5) As for the power of acquaintance, the key is to first train uninterruptedly in the awakening mind.
Then, as you approach the moment of death, lie down on your right and, placing your right hand on your cheek, block the right nostril with your little finger, and breathe through the left nostril. This is transference in terms of your conduct.
Then, preceded by loving-kindness, train in the dual practice of giving and taking on the basis of your in- and out-breaths. While in this state, engage in the practice of ultimate awakening mind thus, contemplating, “Everything that shares the nature of samsara and nirvana has its root in the deluded mind. As for the mind, it never deviates from its primordial nature of dharmakāya.” Reflect how, in reality, even what is called death has no existence. Combine these two contemplations, engage in their practice, and die while in that mindstate.
If you are unable to do this, then arouse the true nature of samsara and nirvana that is free of rejection and affirmation within the expanse of the ever-present innate dharmakāya, which is the uncontrived mind itself. Release your mind restfully in the ultimate expanse and place it upon the mind’s ultimate nature, which is devoid of transference.78 Then, even if you are unable to die [in tune with the meditative state] because of temporarily losing your mindfulness, you will still die with the instruction appropriate for the moment of death. Although numerous celebrated moment-of-death instructions exist, the master said nothing is more amazing than this [instruction presented here].
With these, the complete aspects of the path have been presented without omission.
V. Presentation of the measure of having trained the mind
The fifth point, the measure of having trained the mind, is presented by the following:
The intent of all teachings converges on a single point.

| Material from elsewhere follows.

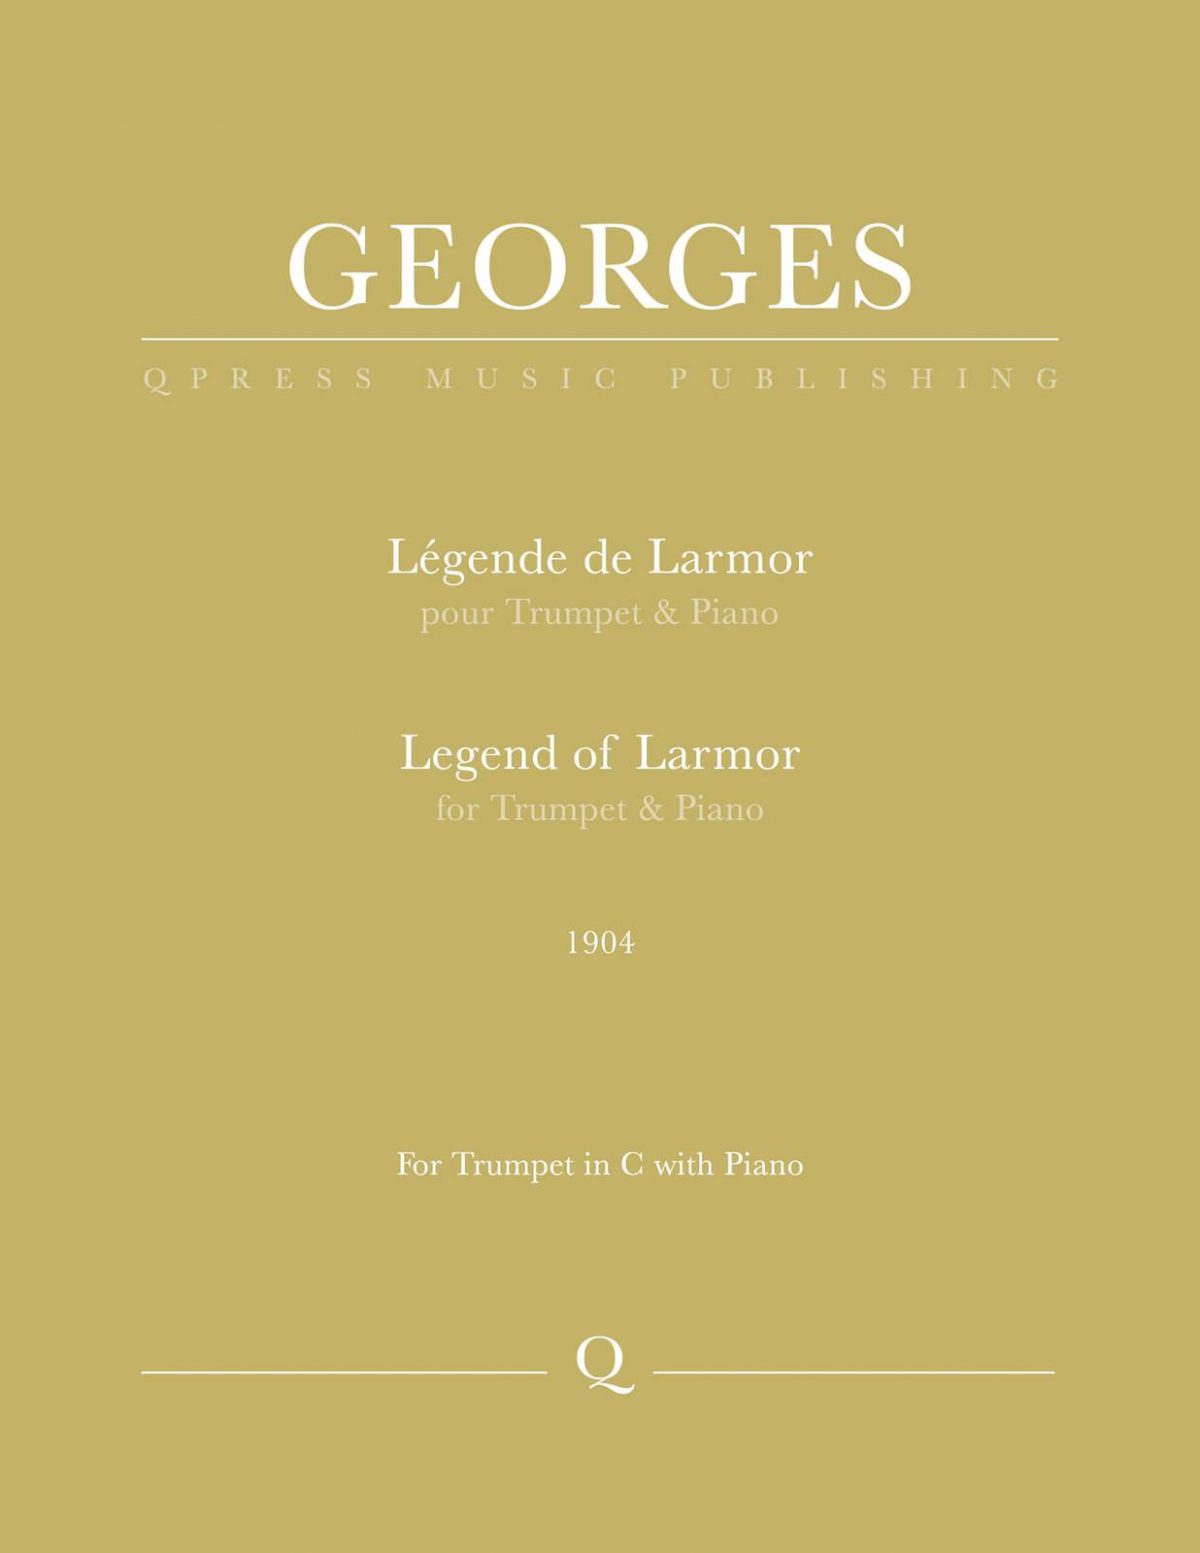 Georges, Légende de Larmor-p01

The scriptures and the treatises were taught for the purpose of overcoming self-grasping; thus there is no target for the trio of study, reflection, and meditation to destroy other than this. When examined, the selfhood of persons is as nonexistent as the horns of a rabbit; nevertheless it has made us suffer since beginningless time. Observe and analyze whether all your endeavors of body, speech, and mind are directed toward reinforcing your self-grasping or bringing its downfall. If they are reinforcing it, you are striving solely out of the eight mundane concerns and for the pursuit of greatness in this life. If this is the case, then even if you are observing ethical discipline with dedication, you have erred with regard to your paternal spiritual lineage. Even if you are training the mind through study, reflection, and meditation, your practice has gone awry.

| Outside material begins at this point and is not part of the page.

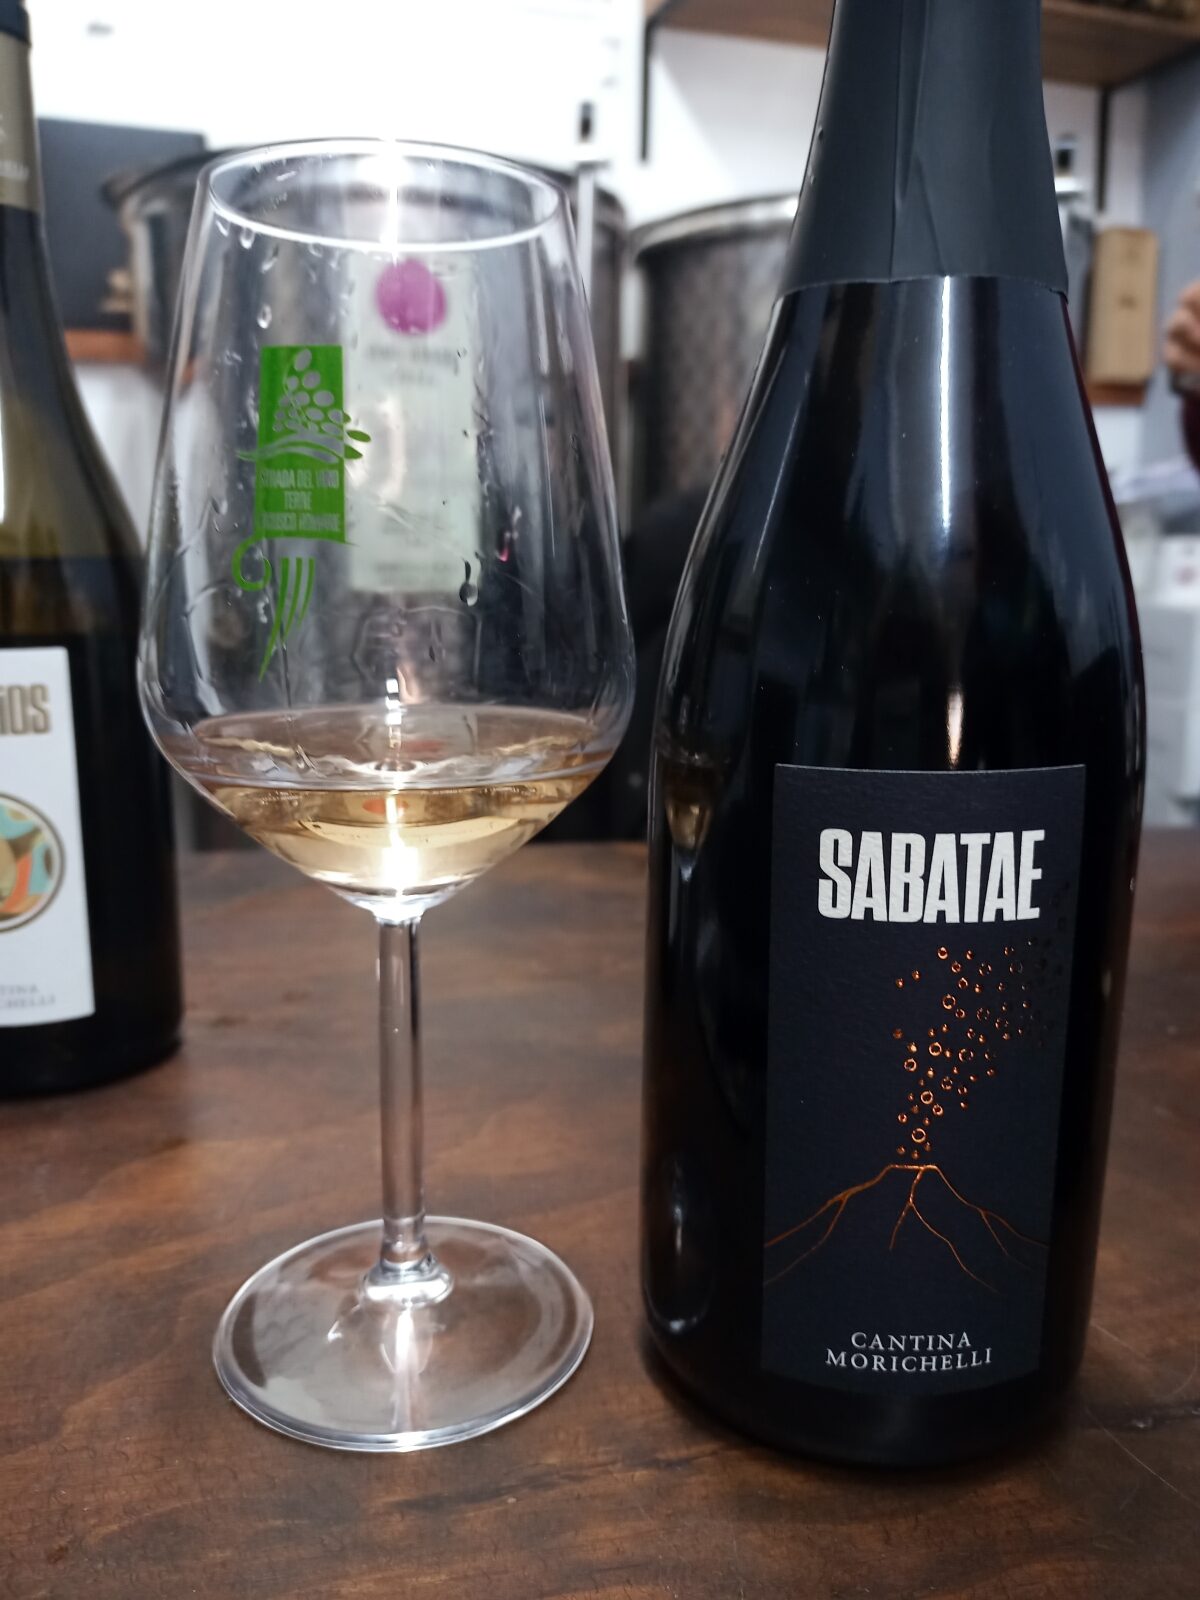 Sabatae Metodo Classico da Violone cantina Morichelli, foto di Partners in Wine

On the other had, if your endeavors are toppling self-grasping, you are achieving the true purpose of industrious ethical discipline and you are training the mind skillfully. In this way, by fostering genuine mind-training realizations in your mind, you can likewise attain the full measure of Dharma practice. Since this is a benchmark for determining whether a Dharma practice has truly become a Dharma practice, the master said, this is the long bar of a scale on which the practitioner is weighed. Learn how to turn all your endeavors of body, speech, and mind into antidotes to self-grasping.
Of the two witnesses uphold the principal one.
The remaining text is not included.